Task to complete => The full listing, excluding its pictures, should be printed exactly as it stands.

Provided material =>
BEGIN

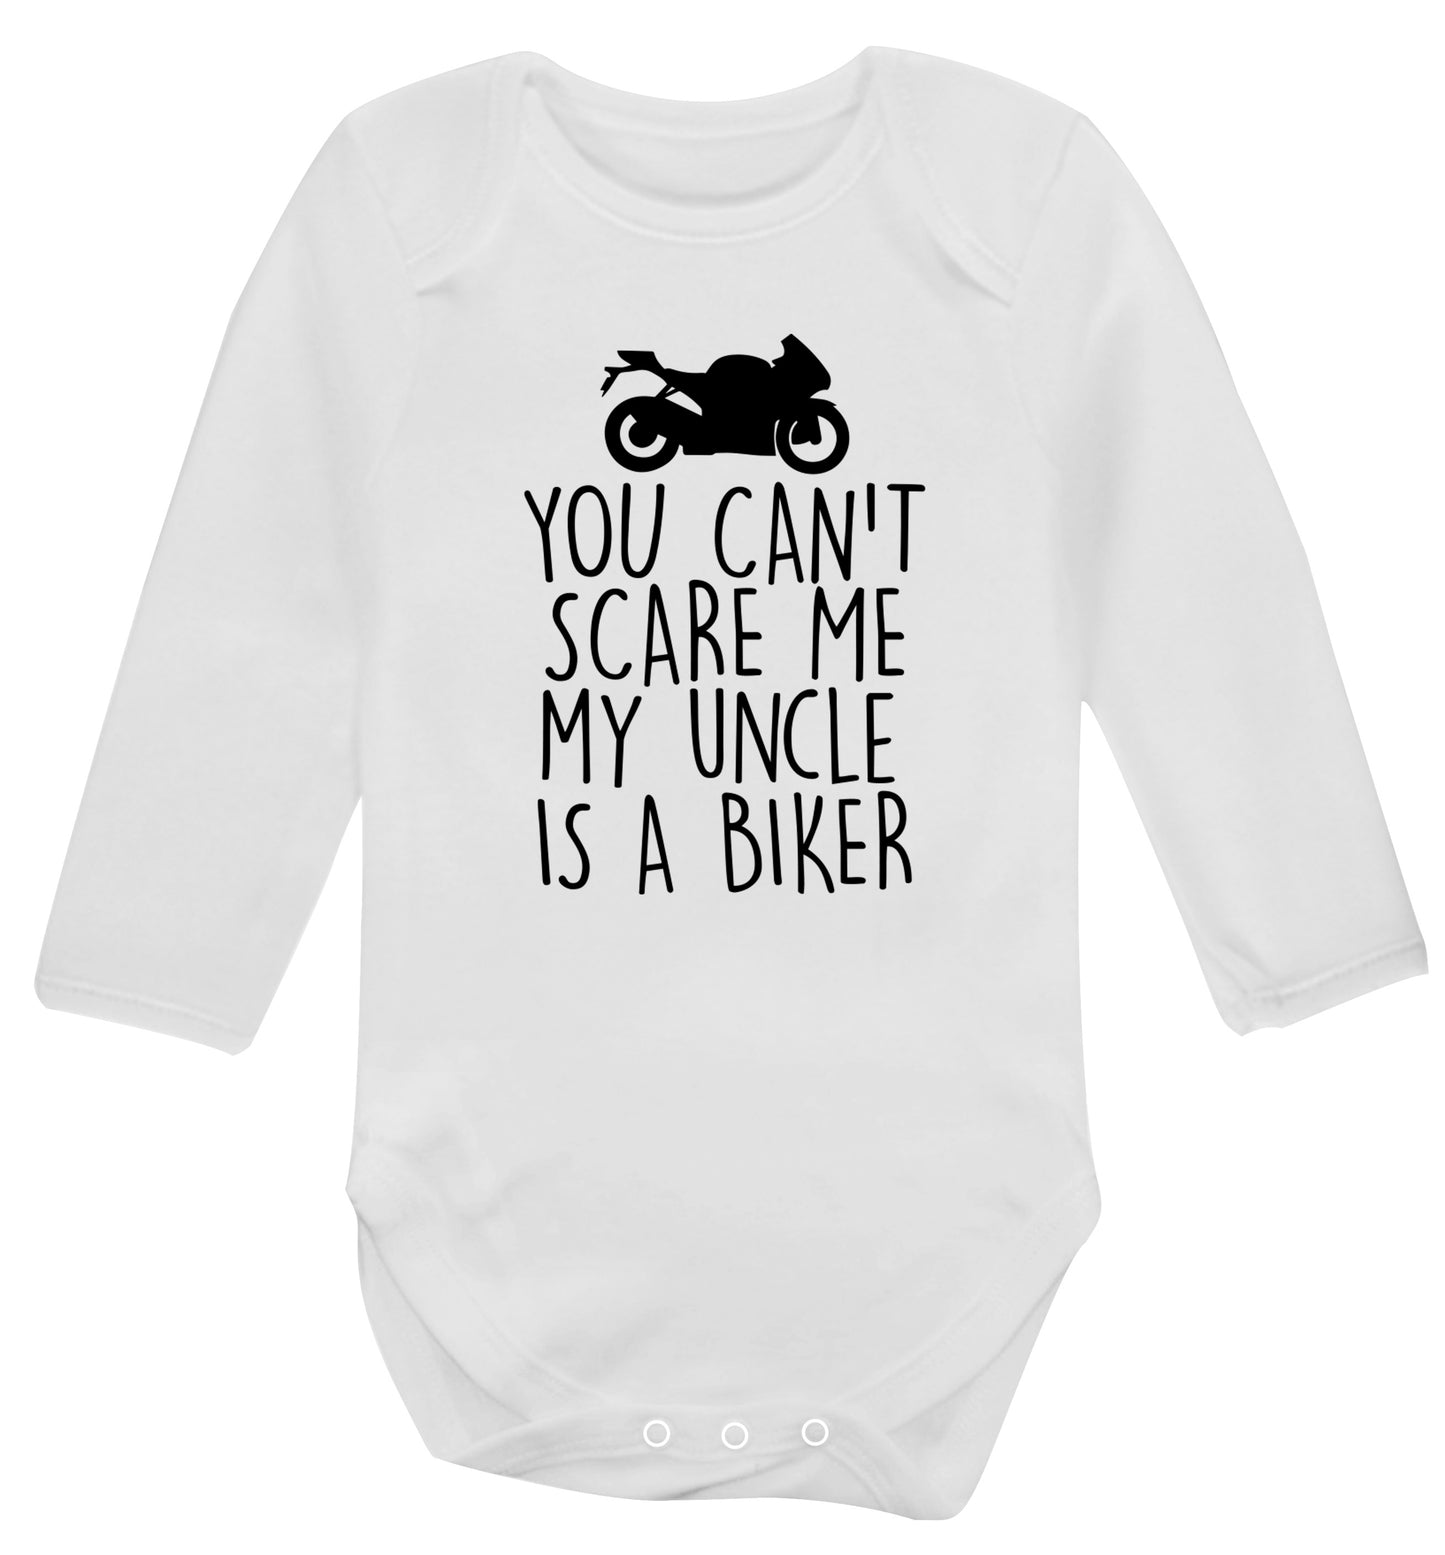 You can't scare me my uncle is a biker Baby Vest long sleeved white 6-12 months
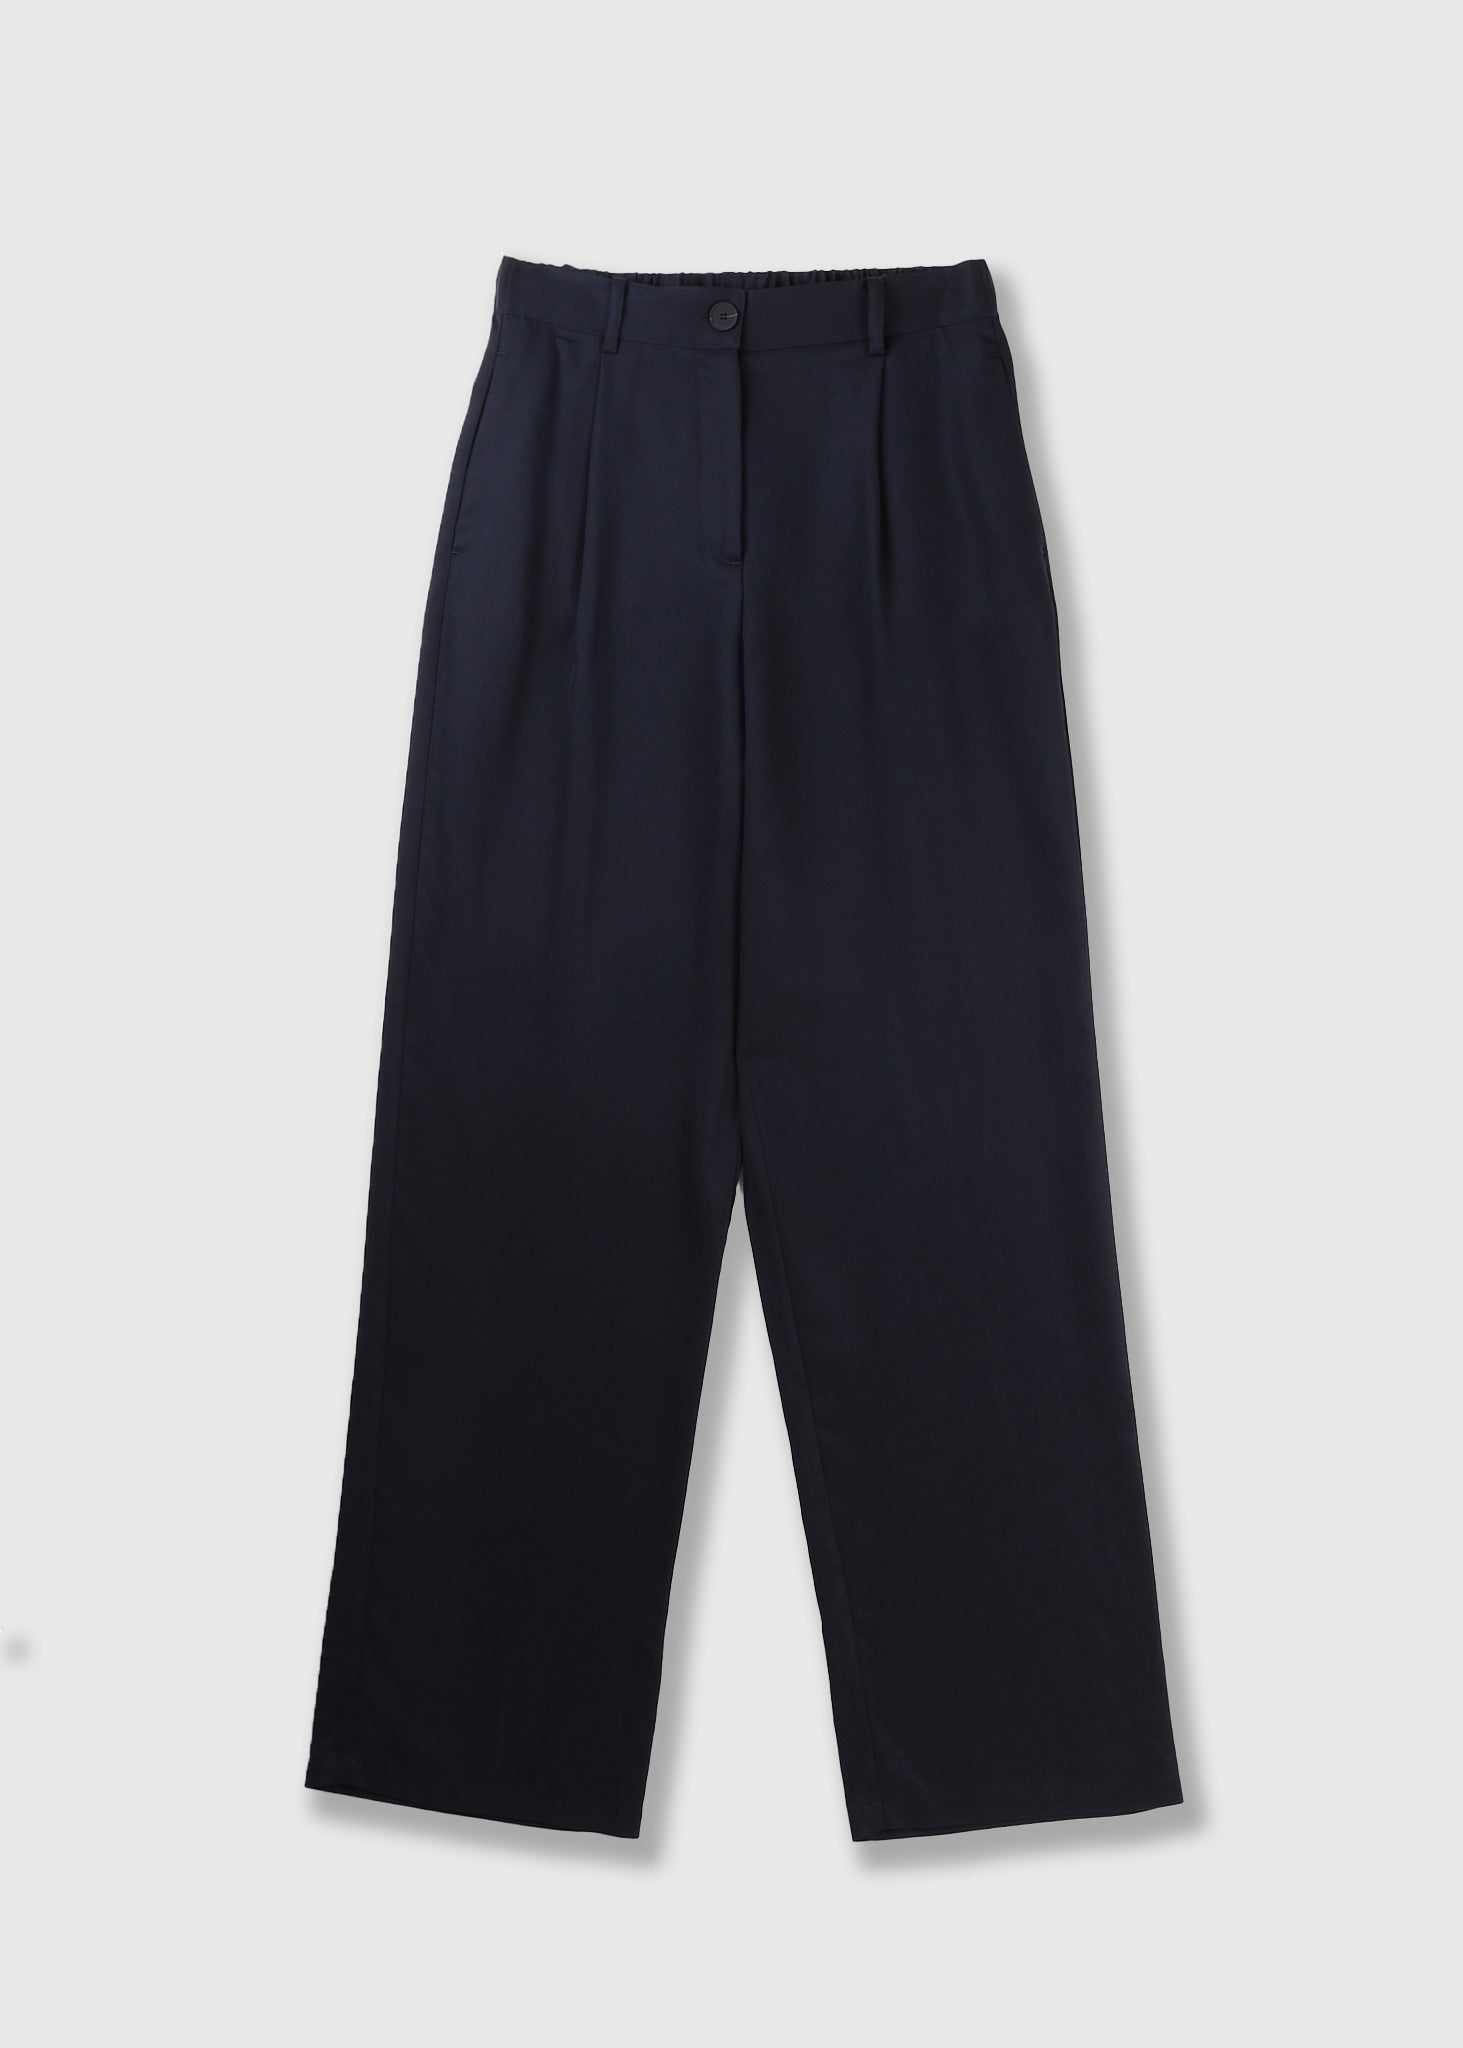 Levete Room Womens Alecia Tailored Straight Leg Trousers In Dark Navy product
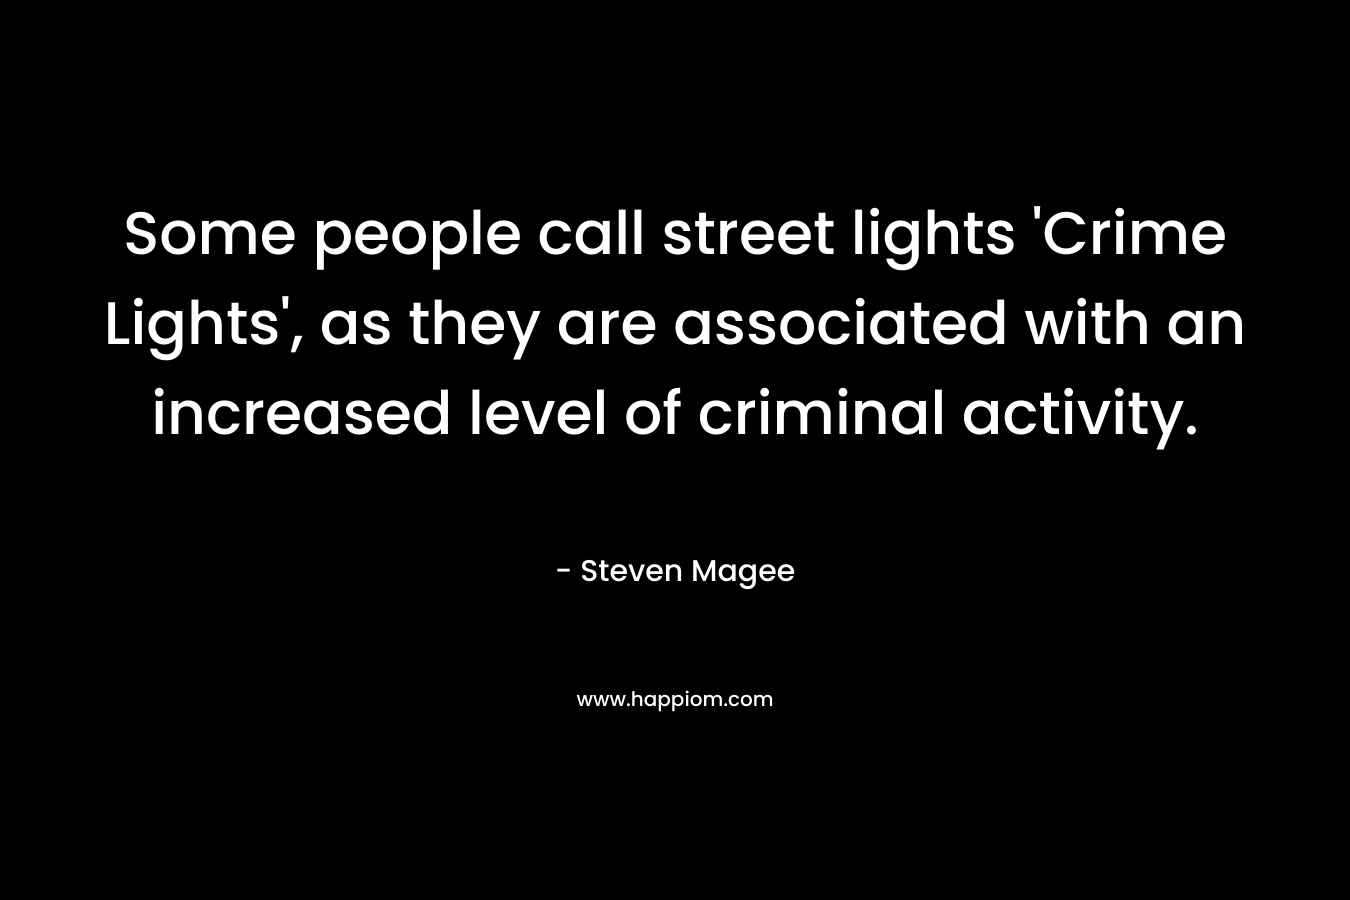 Some people call street lights 'Crime Lights', as they are associated with an increased level of criminal activity.
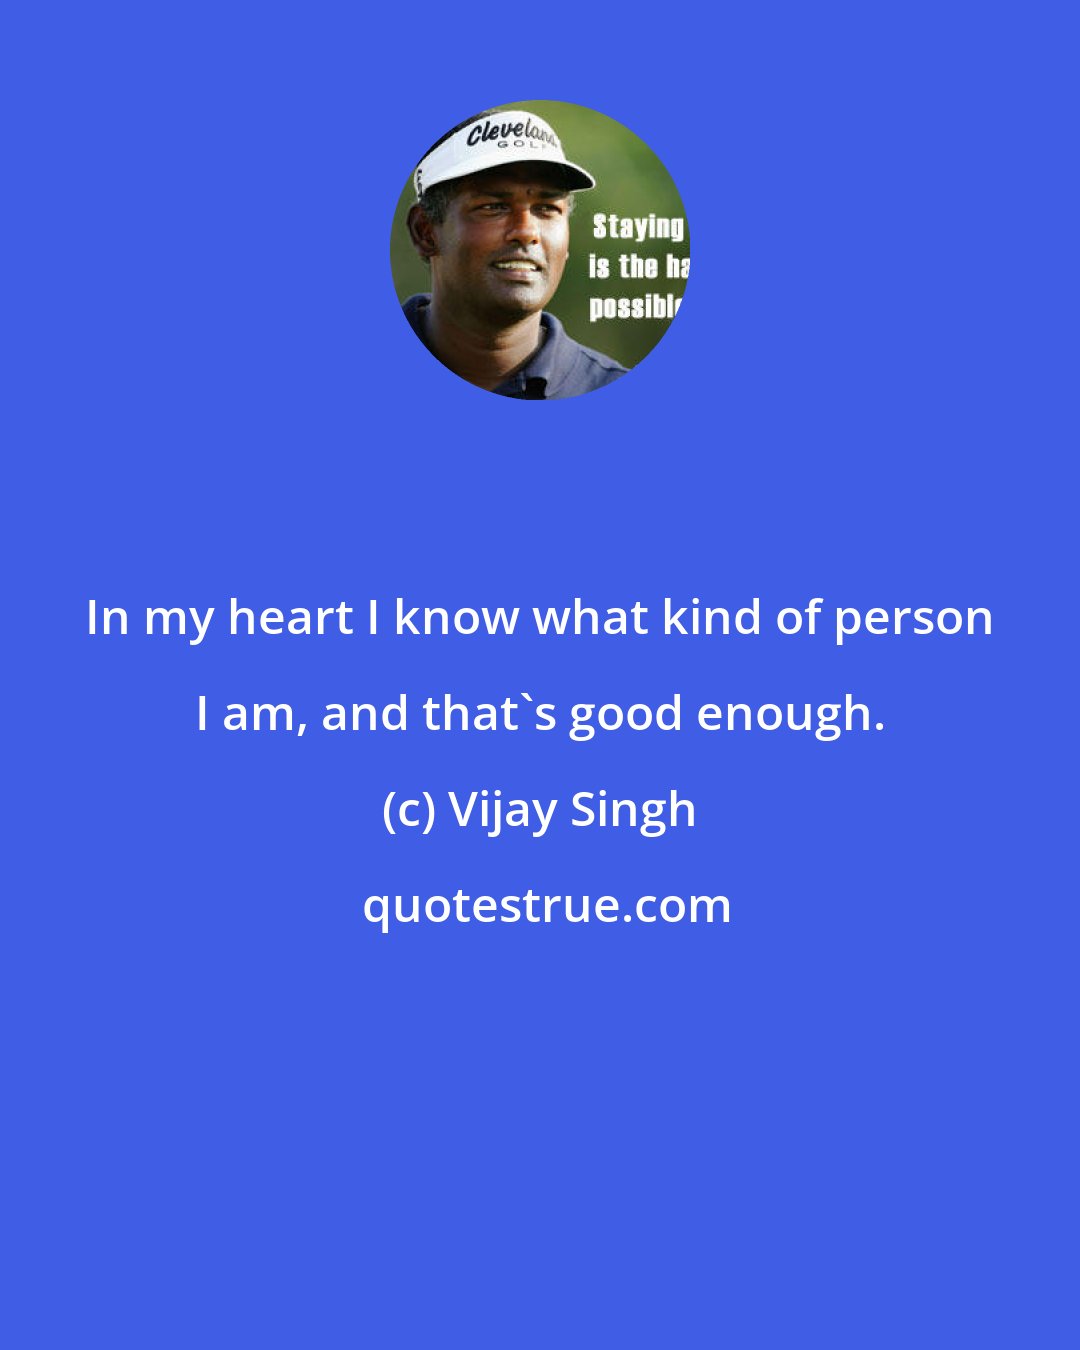 Vijay Singh: In my heart I know what kind of person I am, and that's good enough.

END

Response to this exercise =>
 You can't scare me my uncle is a biker Baby Vest long sleeved white 6-12 months
 Levete Room Womens Alecia Tailored Straight Leg Trousers In Dark Navy product
 Some people call street lights 'Crime Lights', as they are associated with an increased level of criminal activity.
 Vijay Singh: In my heart I know what kind of person I am, and that's good enough.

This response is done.